┌────────

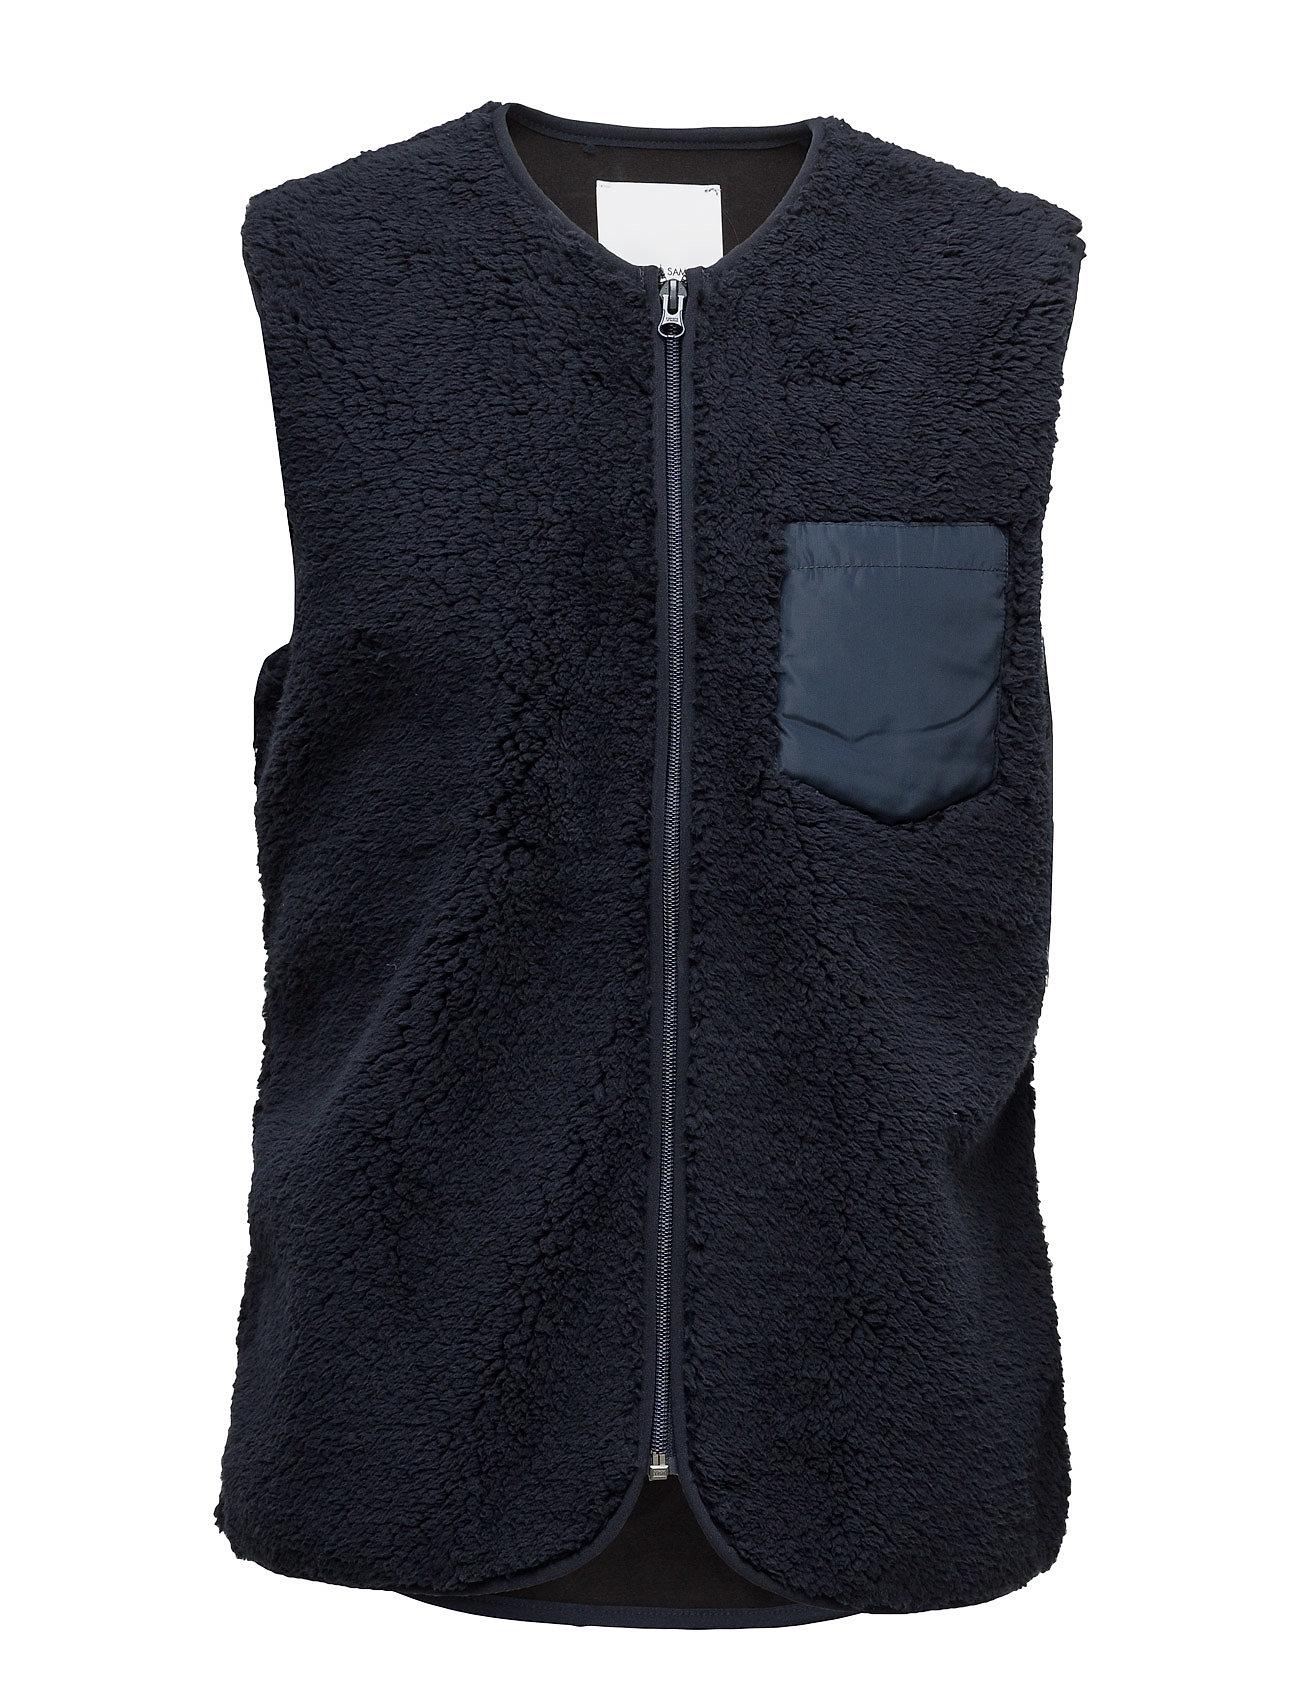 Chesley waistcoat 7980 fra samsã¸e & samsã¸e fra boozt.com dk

└────────
┌────────

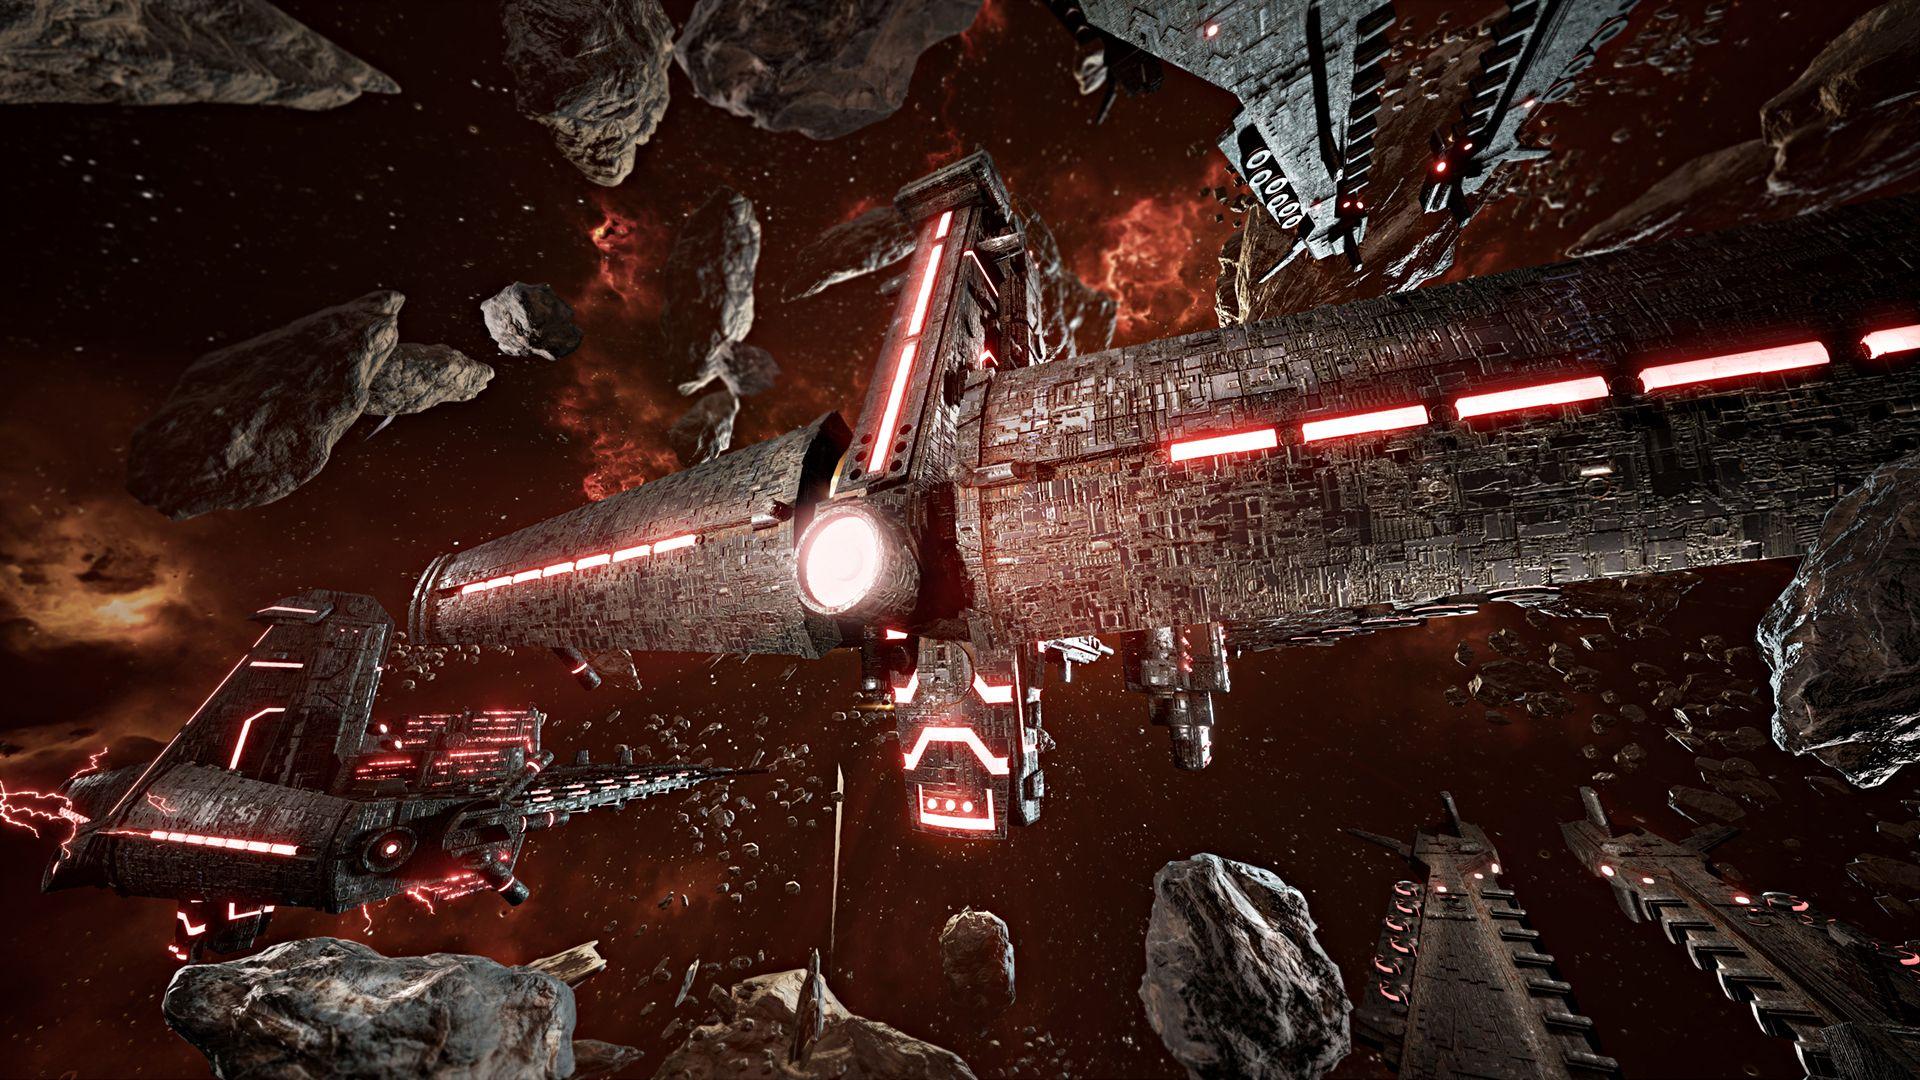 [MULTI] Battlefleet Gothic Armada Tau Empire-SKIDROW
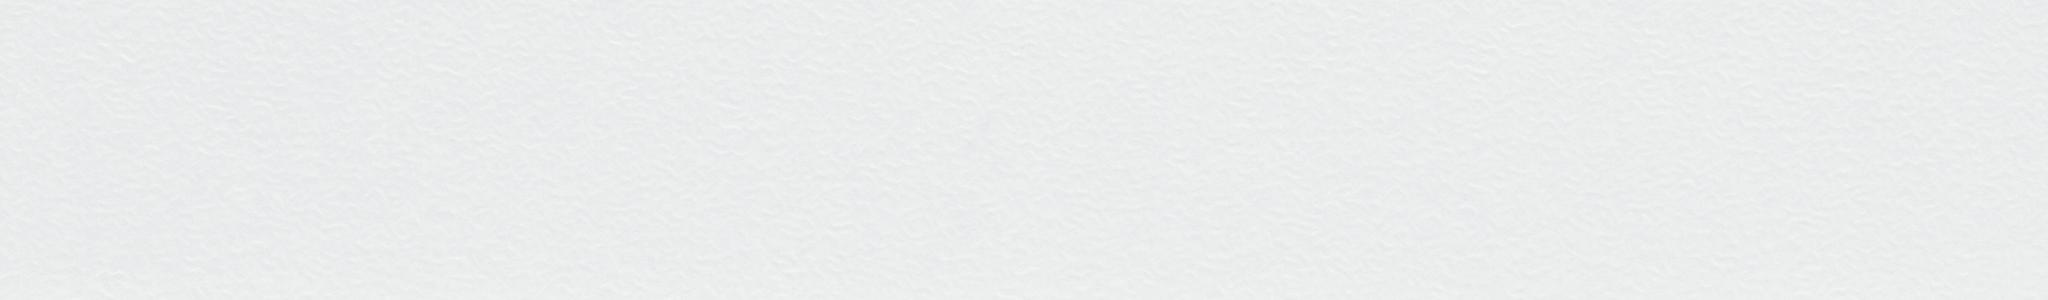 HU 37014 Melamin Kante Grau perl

└────────

**TASK OBJECTIVE**
Take the material above and output only the lines from the one that contains "[MULTI] Battlefleet Gothic" through the one that contains "HU 37014 Melamin Kante Grau perl", ends included and images left out.

**SOLUTION FOR THIS TASK**
 [MULTI] Battlefleet Gothic Armada Tau Empire-SKIDROW
 HU 37014 Melamin Kante Grau perl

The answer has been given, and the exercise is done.